Doch hätten Mitchell und Jessen wirklich gewollt, hätten sie jederzeit aussteigen können. "Man darf nicht vergessen, dass alle anderen verbeamtete Regierungsangestellte waren. Mitchell und Jessen waren die einzigen privaten Auftragnehmer, an die derlei Aufgaben outgesourct wurden. Sie machten freiwillig mit und verdienten gut. Auch wenn noch viele andere Menschen zur Rechenschaft gezogen werden müssen, tragen diese beiden eine besondere Verantwortung", so Ladin.

Dror Ladin arbeitet seit knapp sechs Jahren als Anwalt für ACLU.Bild: ACLU/M. Kaplan

"Wenn es schmerzhaft ist, wurde es falsch durchgeführt"

Seine Mandanten Suleiman Salim und Mohamed Ben Soud sind nicht persönlich von Mitchell und Jessen verhört worden. Doch einige ihrer Techniken wurden an ihren angewandt. Zum Beispiel das stundenlange Verharren in unangenehmen Positionen oder "Walling", bei dem der Vernehmer den Häftling gegen die Wand schleudert.  Mitchell behauptet von dieser Methode: "Es ist nicht schmerzhaft, man dreht sich eben ziemlich. Wenn es schmerzhaft ist, wurde es falsch durchgeführt."

Im Fall des 2002 verstorbenen Gul Rahmans waren Mitchell und Jessen bis einige Tage vor dessen Tod in dem Geheimgefängnis anwesend, in dem er einsaß. Aus dem Senatsreport geht hervor, einer von beiden habe empfohlen, "erweiterte Methoden" an dem Afghanen anzuwenden. ACLU-Anwalt Ladin sagt: "John Jessen riet, dem Gefangenen kein Essen zu geben und nicht schlafen zu lassen, und verhörte ihn auch selbst."

"Sie wollen vor allem Gerechtigkeit"

Dagegen schreibt Mitchell in seinem 2016 veröffentlichten Buch "Enhanced Interrogation: Inside the Minds of Islamic Terrorists Trying to Destroy America", er und sein Kollege hätten vor ihrer Abreise noch Bedenken wegen Rahmans Gesundheitszustand geäußert.

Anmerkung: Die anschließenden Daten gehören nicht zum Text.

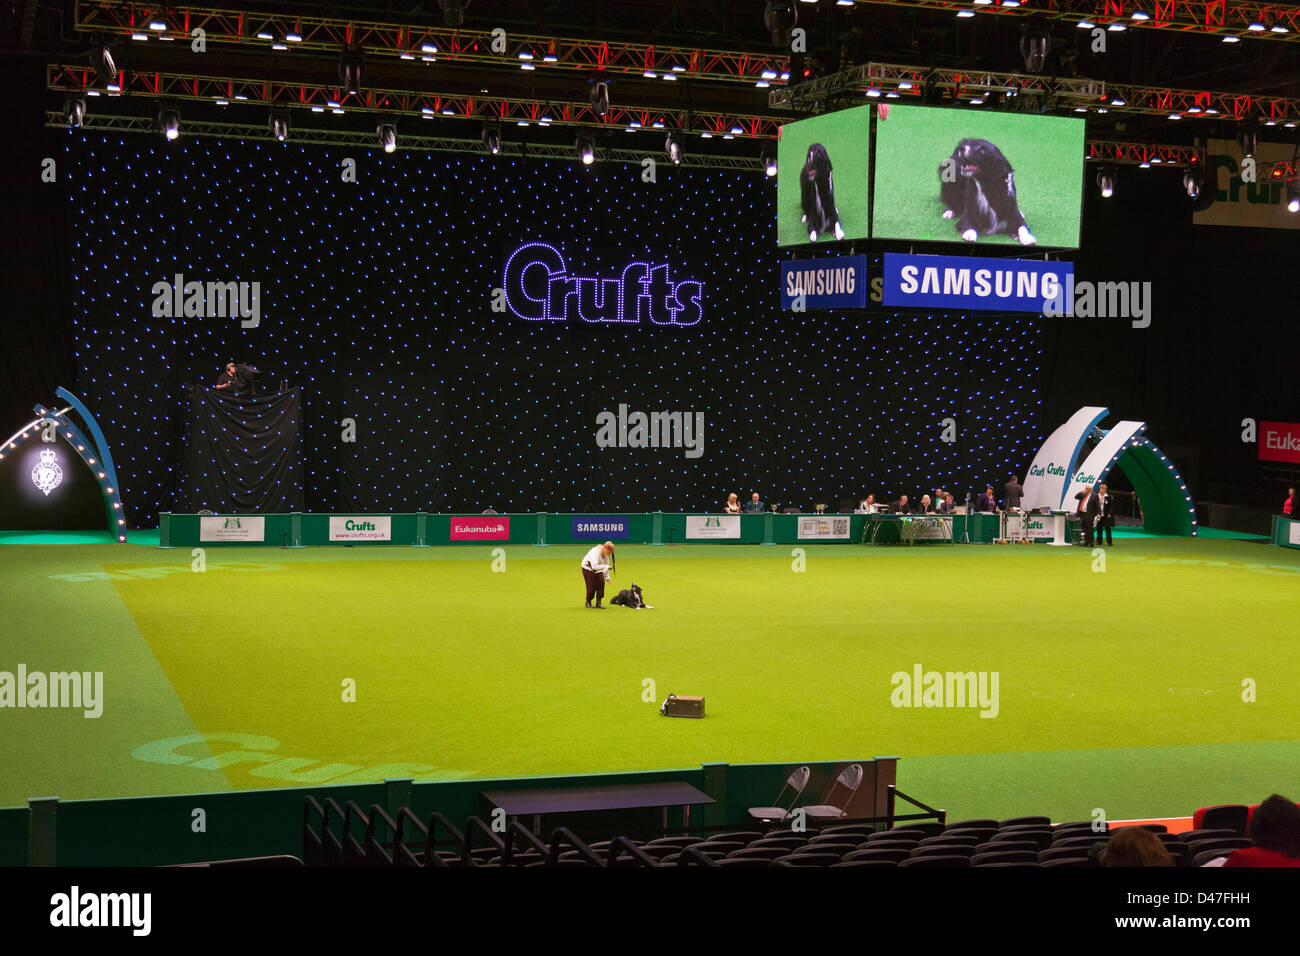 Birmingham, UK. 7th March 2013. Crufts 2013 dog show in NEC national exhibition centre Birmingham UK England day one of the  premier dog show and competition showing in main arena. Credit:  Paul Thompson Live News / Alamy Live News Stock Photo

Salim, Ben Soud und die Familie Rahmans wollen Entschädigungen, auch um psychologische Behandlungen zahlen zu können, und um nach jahrelanger unbegründeter Haft und Misshandlungen in ein normales Leben zurückzukehren, so Ladin. Vor allem aber wollen sie die Anerkennung, dass ihnen Unrecht angetan wurde. Und, dass so etwas in Zukunft nie wieder passieren kann.